ABSTRACT

At altitude, hypoxia immediately triggers carotid body (CB) hypertrophy with new glomus cells, which hypersensitizes the hypoxic ventilatory response (HVR) and mediates much of the time-dependent ventilatory acclimatization to high altitude. This minimizes the reduction in partial pressure of oxygen (PO2) at altitude. Failure to acclimate, at times from ascending to altitude too rapidly, may lead to acute mountain sickness.

In addition, in hypoxia, the CB increases its response to carbon dioxide (CO2). The increased HVR, and hypercarbic ventilatory response in the hypoxia of altitude immediately increase ventilatory loop gain favoring periodic breathing. Insomnia may result, but also hypertension and other consequences of sympathetic activation are potential results of the intermittent hypoxemia of central sleep apnea (CSA). Supplemental nocturnal oxygen will eliminate periodic breathing. Acetazolamide (ACZ) may help treat both acute mountain sickness and periodic breathing at altitude.

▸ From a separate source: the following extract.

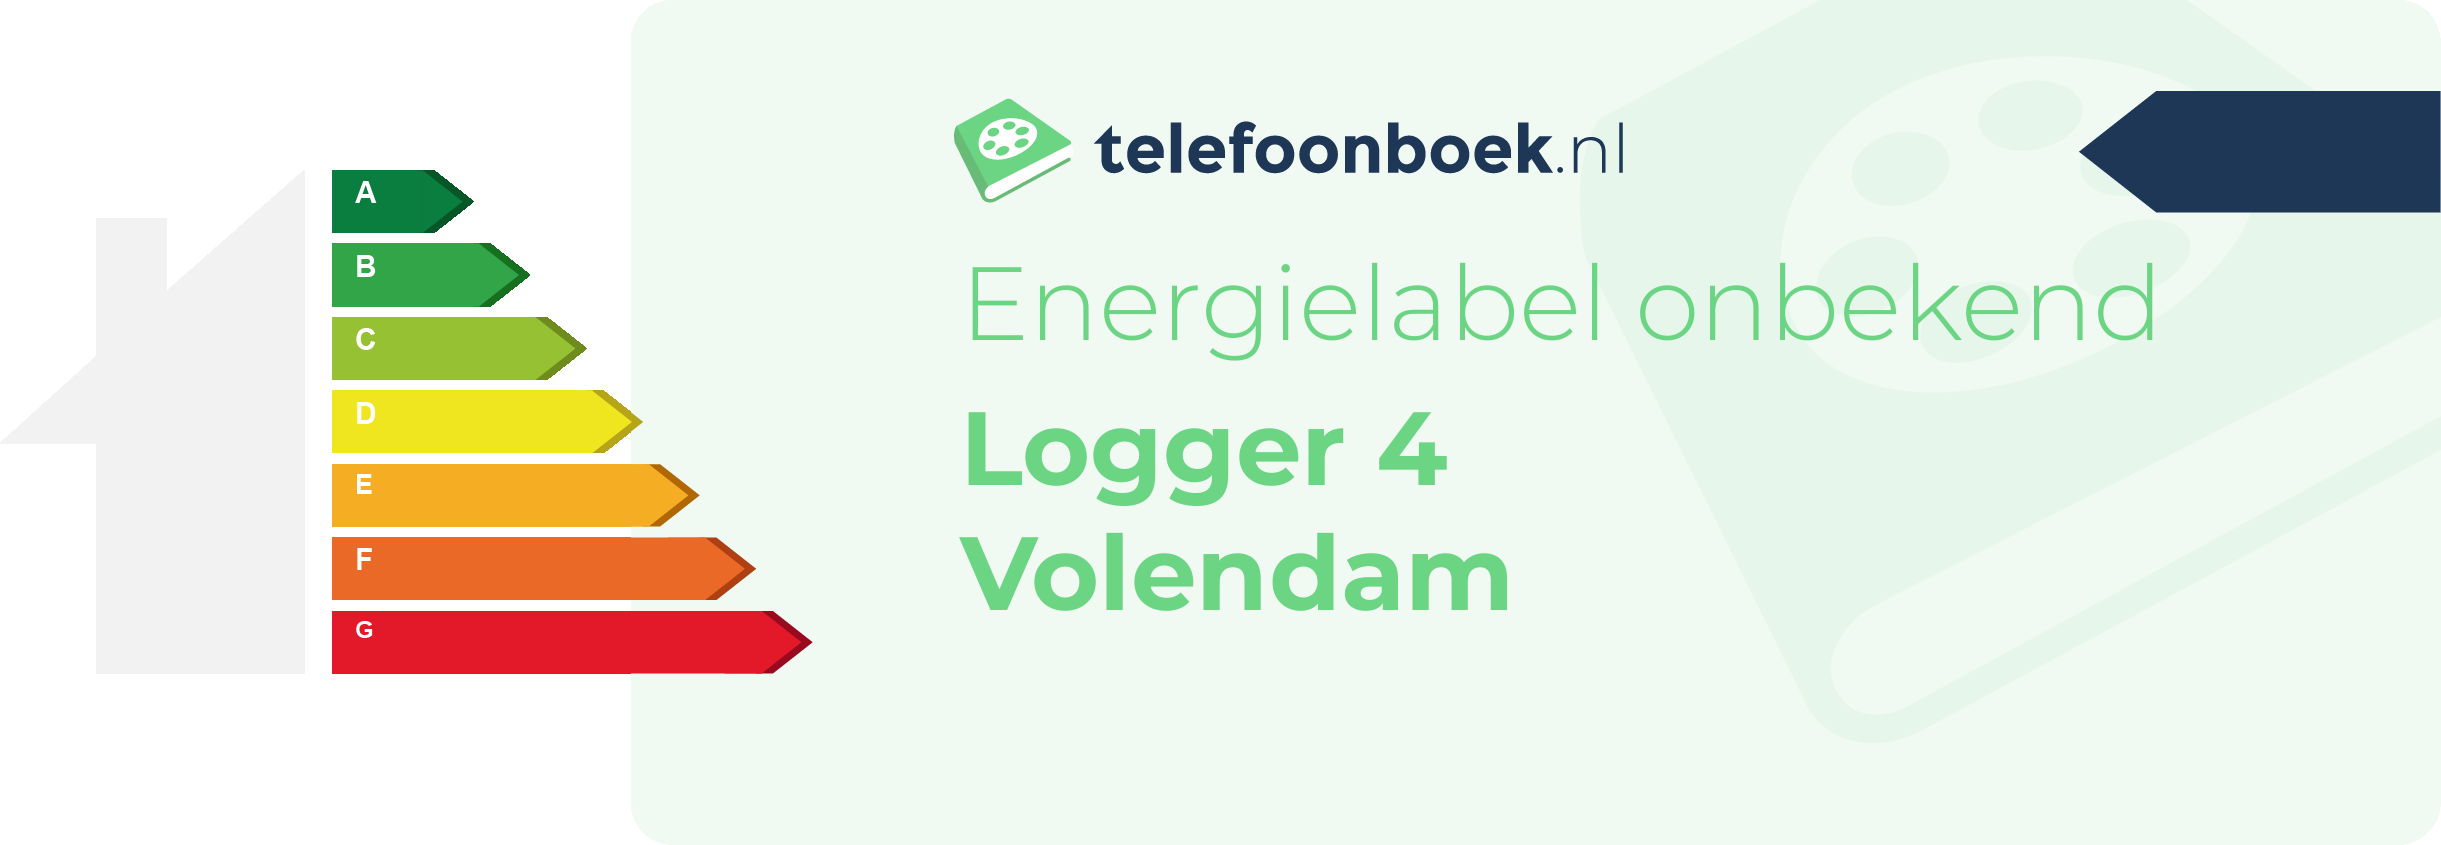 Energielabel Logger 4 Volendam

Patients with obstructive sleep apnea (OSA) traveling to altitude or living at altitude may be affected by central apneas and central hypopneas adding into their mixture of respiratory events and may develop complex sleep apnea on continuous positive airway pressure (CPAP). For complex sleep apnea at altitude, the addition of in line oxygen, or for the traveler, adding ACZ, may be helpful.